There’s a shift on horizon in how business owners and company executives view the employee experience, and those that are taking action will reap the rewards.

It’s not just a vague HR concept. Think back 10 or 15 years. Experts and business consultants were fighting for the company to put their customers first, and now the growing emphasis on employee experience (and the relationship between increased customer satisfaction, employee retention and business performance) sounds eerily similar to the battle for boardroom conversations back then.

Yet there are many touch points, interactions and relationships that make up an employee’s experience with the potential to result in better engagement – and outcomes – for your business. So which part of the experience should you focus on improving first?

Just like your customer’s experience with your brand, the crucial ‘first impression’ is a logical place to start to look for improvement and evidenced by the success that improving the onboarding experience has on customer satisfaction.1

A growing proportion of employee onboarding involves setting up digital systems and tools that require employees to become ‘proficient users’ in order to perform their role successfully.

Some of the questions that you should be asking about this process:

  • What’s the learning curve for these systems – hours, days or weeks?
  • How do we educate our employees to use these systems, such as one-on-one or video tutorials?
  • Do these systems actually include their own onboarding tool, and how good a job does it do? If not, why?
  • Of all the systems that we need our employees to use in their role, do they actually talk to/integrate with each other?
  • Are there duplicate forms, multiple logins and other hoops to jump?

If any of the answers you gave to the above questions are by you or your customer’s definition unacceptable, there’s a good chance that your employee experience needs attention. Consider it from a customer perspective: if your customer had to spent hours, days or sometimes months to use your product or service, would you still be in business? If not, why is it acceptable for the employee to endure this painful process?

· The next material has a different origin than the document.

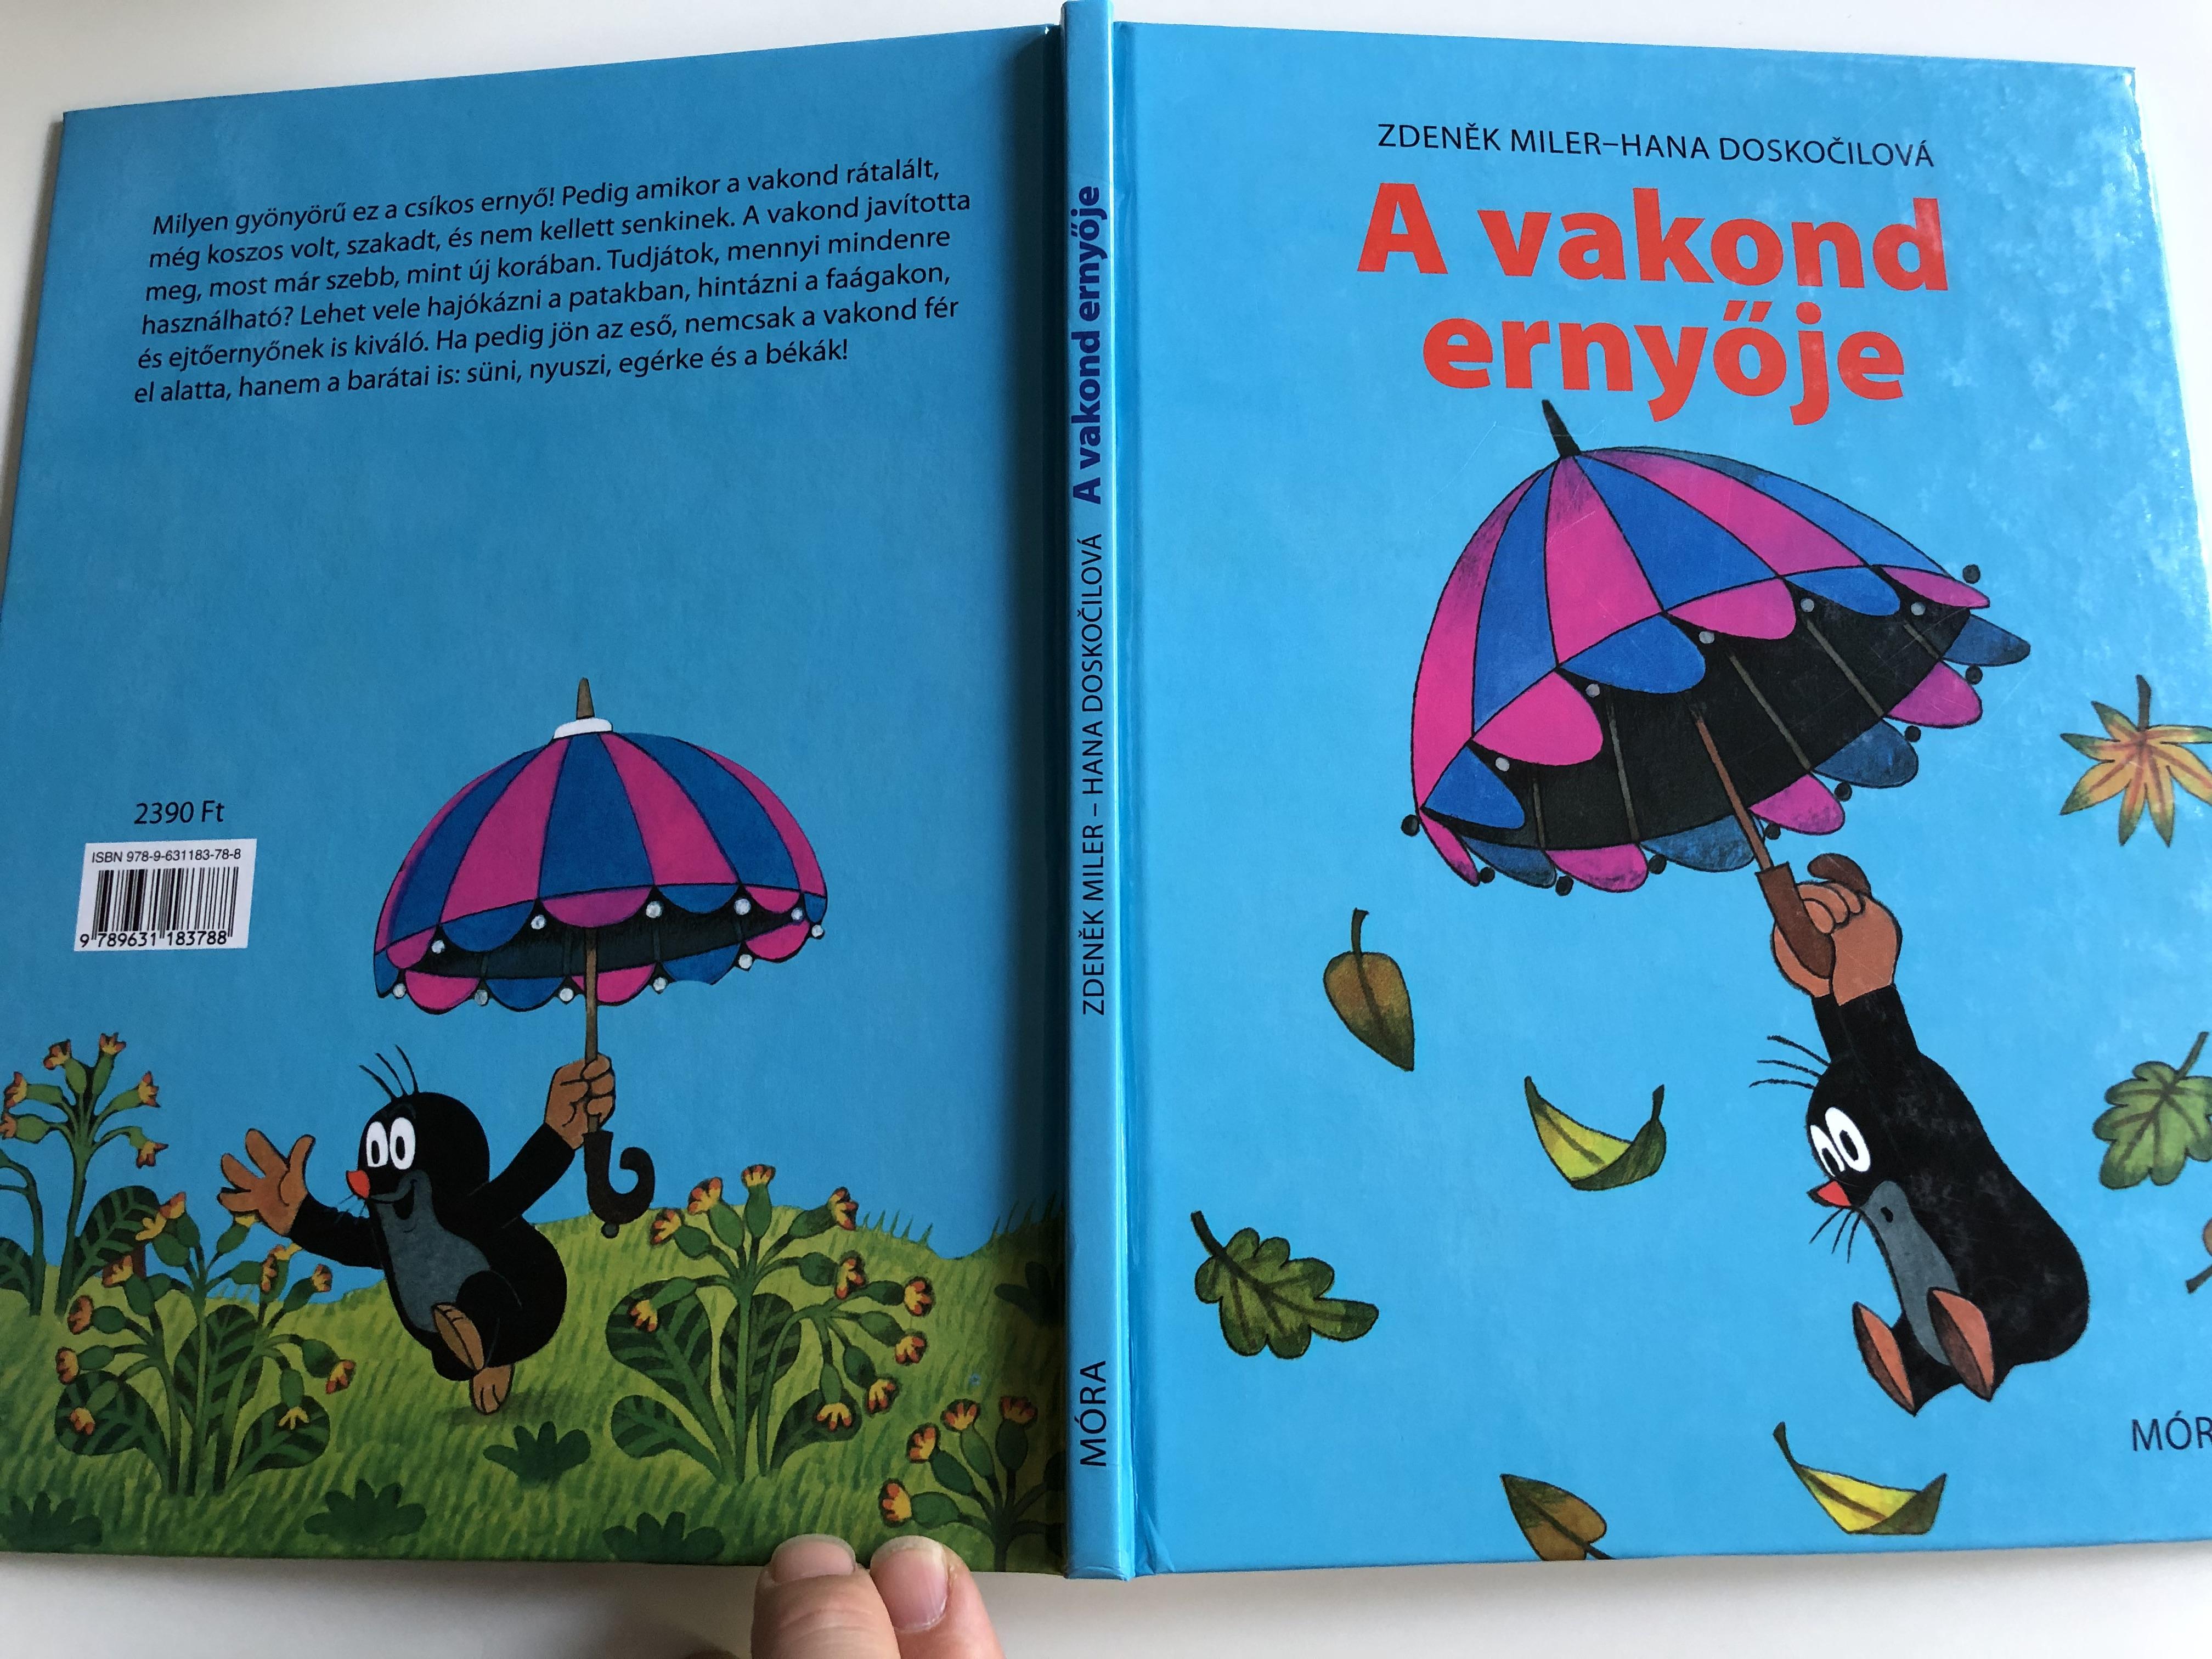 a-vakond-erny-je-by-zdenek-miler-hana-dosko-ilov-hungarian-translation-of-m-ra-k-nyvkiad-2007-13-.jpg

Creating a competitive advantage

A better employee onboarding experience will lead to happier employees who stay around longer and provide better service to your customers.2 There’s also a strong correlation between happy employees and profit. Companies that sit atop Fortune magazine’s 100 Best Companies to Work For list have on average lower employee turnover rates and higher stock prices.3 In essence, a good onboarding experience delivers a competitive advantage.4

The average person has 12 jobs in their lives, so more of us will experience starting in new workplaces than ever before.5 Just like any other first impression, the employee onboarding experience has become a vital part of employee satisfaction, loyalty, advocacy and retention.

More than a handshake

Employee onboarding is more than just welcoming new starters with a handshake and a team lunch. It’s fundamentally about reducing friction in setting up employees for success and enabling them to hit the ground running. There are many touchpoints and potential areas of friction in onboarding employees that can contribute to an individual’s broader perception of the company’s values, culture and how they treat their employees.

Internal systems that run your business should reflect your core values and identity. For example, if a creative business has internal systems that are hard to use and aren’t nice to look at, then how does this affect an employee’s perception of the company? Does your intranet system enable or restrict employees from doing their work? Is it designed with their needs in mind? What level of customisation (if any) is offered?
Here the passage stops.